Very few (or none) can realistically keep up with the demands of a tegu in their late teens and early 20’s. In that stage of life you change housing frequently, your income is unreliable, and your space is often limited. Once you’re in a position to grow old with your pets, make the investment and enjoy them for years to come!

Patience is a virtue. This forum has some examples of impulsive purchases. It’s sad to see tegus re-homed within their first 2 years (or even 2 months) consistently. I can only imagine how many other tegus are bought and abandoned by owners outside of the forum. Those that participate here are arguably more dedicated to their pets, and even we have seen our fair share of tegus for adoption.

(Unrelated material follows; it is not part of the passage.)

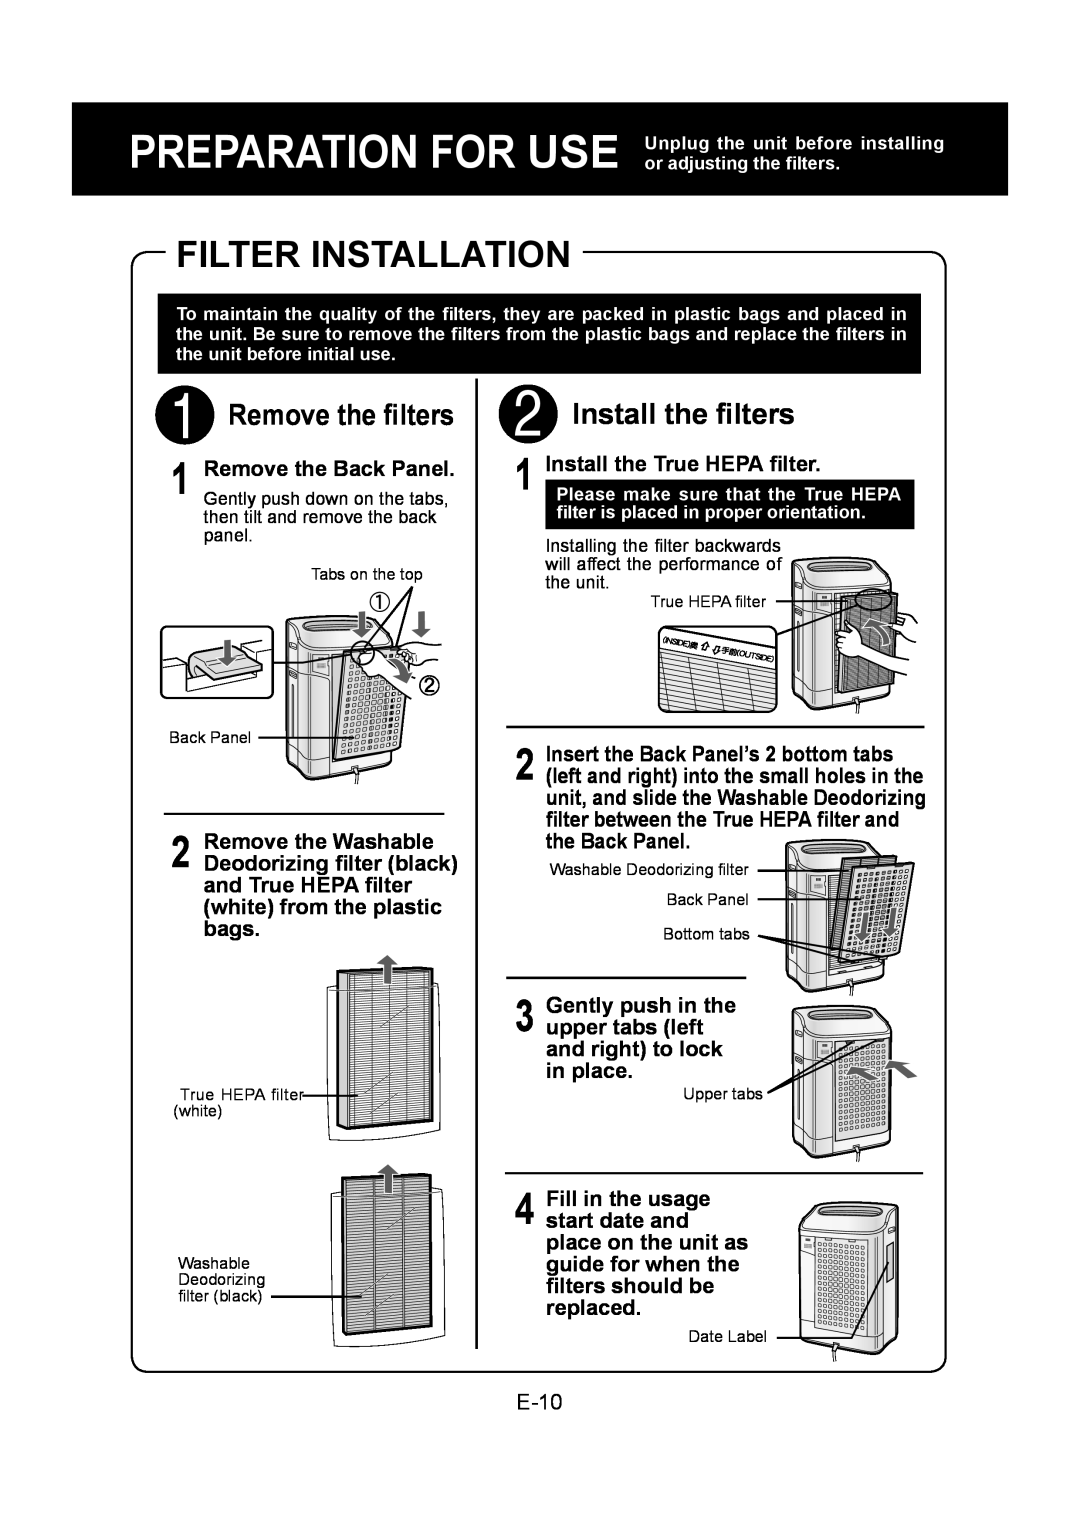 Sharp KC-860U operation manual Filter Installation, Remove the ﬁlters, Install the ﬁlters, Install the True HEPA ﬁlter

Probably not what you wanted to hear, but these are considerations any prospective tegu owner can’t ignore.


----------



## VenusAndSaturn (Jun 7, 2018)

I'd definitely wait till you have at the very least a stable amount of income and preferably your own home, that way you don't have to stress out about anything too much
. 
They can be quite the big commitment and most people at a young age cannot take care of them properly. That being said I myself am quite young, but I'm pretty much willing to do whatever it takes to make sure my tegu has the best life possible. Which includes giving up almost my entire room for her, pretty much the only space that I use for myself is my desk, got rid of my bed a while ago and to be honest the floor feels so much better compared to a couch or a mattress. Although I completely understand why some people may not want to sleep on the floor just to provide an enclosure for a reptile. 


If you wait for the right time I'm sure you'll be glad you did rather than purchasing one now.


----------



## Pickle (Jun 23, 2018)

I'm a parent .no means no. Get your own place and do as you will but take care of the loves you bring into your home


----------



## Guman (Jul 3, 2018)

I am also a parent. My sons journey with lizards began when our daughters friend gifted a gecko to my son. The FAMILY love affair with lizards grew from one scaly friend. At the age of 15 he had six, 4 geckos and 2 bearded dragons and then on his sixteenth birthday I insisted that my husband and I buy him an iguana. I seen my son as responsible and a good keeper. In retrospect I feel it was a mistake and I did not know how large of a mistake it was until months latter and by then we had added a tagu. The parents must be active participants in your hobby when you live in their house! It is essential for that pets health. Even when they are as active as my husband and I have been they will need to be interested and dedicate. When they do not research, learn, and helpe guide the husbandry of a large lizard it can cause pain and suffering. I had put the time in to learn about the iguana but did not do the same with the tegu. It ended with a large vet bill, prolapsed rectum, broken wrists, and MBD. Our Rags will live a life stunned from a family who did not enter in to his care as a joint venture. The deficits have changed and everyone is now dedicated and on the same page but the lizard has suffered. It is not fair to the animal or your parents. Please WAIT enjoy the scales that you have it will give you years of learning. Also, you do not know were life will take you. At this time we know the reality that until our son is setteled we will be part keepers.

When parents say No it is not to be mean or just bc we say so. It is because we have diffrent experience that has only came with age. Waiting will only make it that much sweeter when you finally grow up, get your own home, and have your own big lizard.

Not what you want to hear. However, you are young enough to delay your wants. My son is leaving for college this fall. At your age it is easy to forget mile stones like college.


----------



## WaterRaven (Jul 12, 2018)

I'm sure I'm just adding to a list of things you don't want to hear, but my parents bought me a horse when I was young. They can live into their 30's. I was in high school and then university the majority of her life and now that I'm older and have time for her, she's an old lady. It's one of the biggest regrets of my life and I hope you'll wait so when you have more time and a place of your own, so you can enjoy your animal and not lose any time or risk their health. 

By that I mean, if you are going to attend a college or university if you're not living at home and commuting to school, who's going to take care of your tegu? I've heard horror stories of people's reptiles escaping or dying because their family or friends couldn't look after them properly.


----------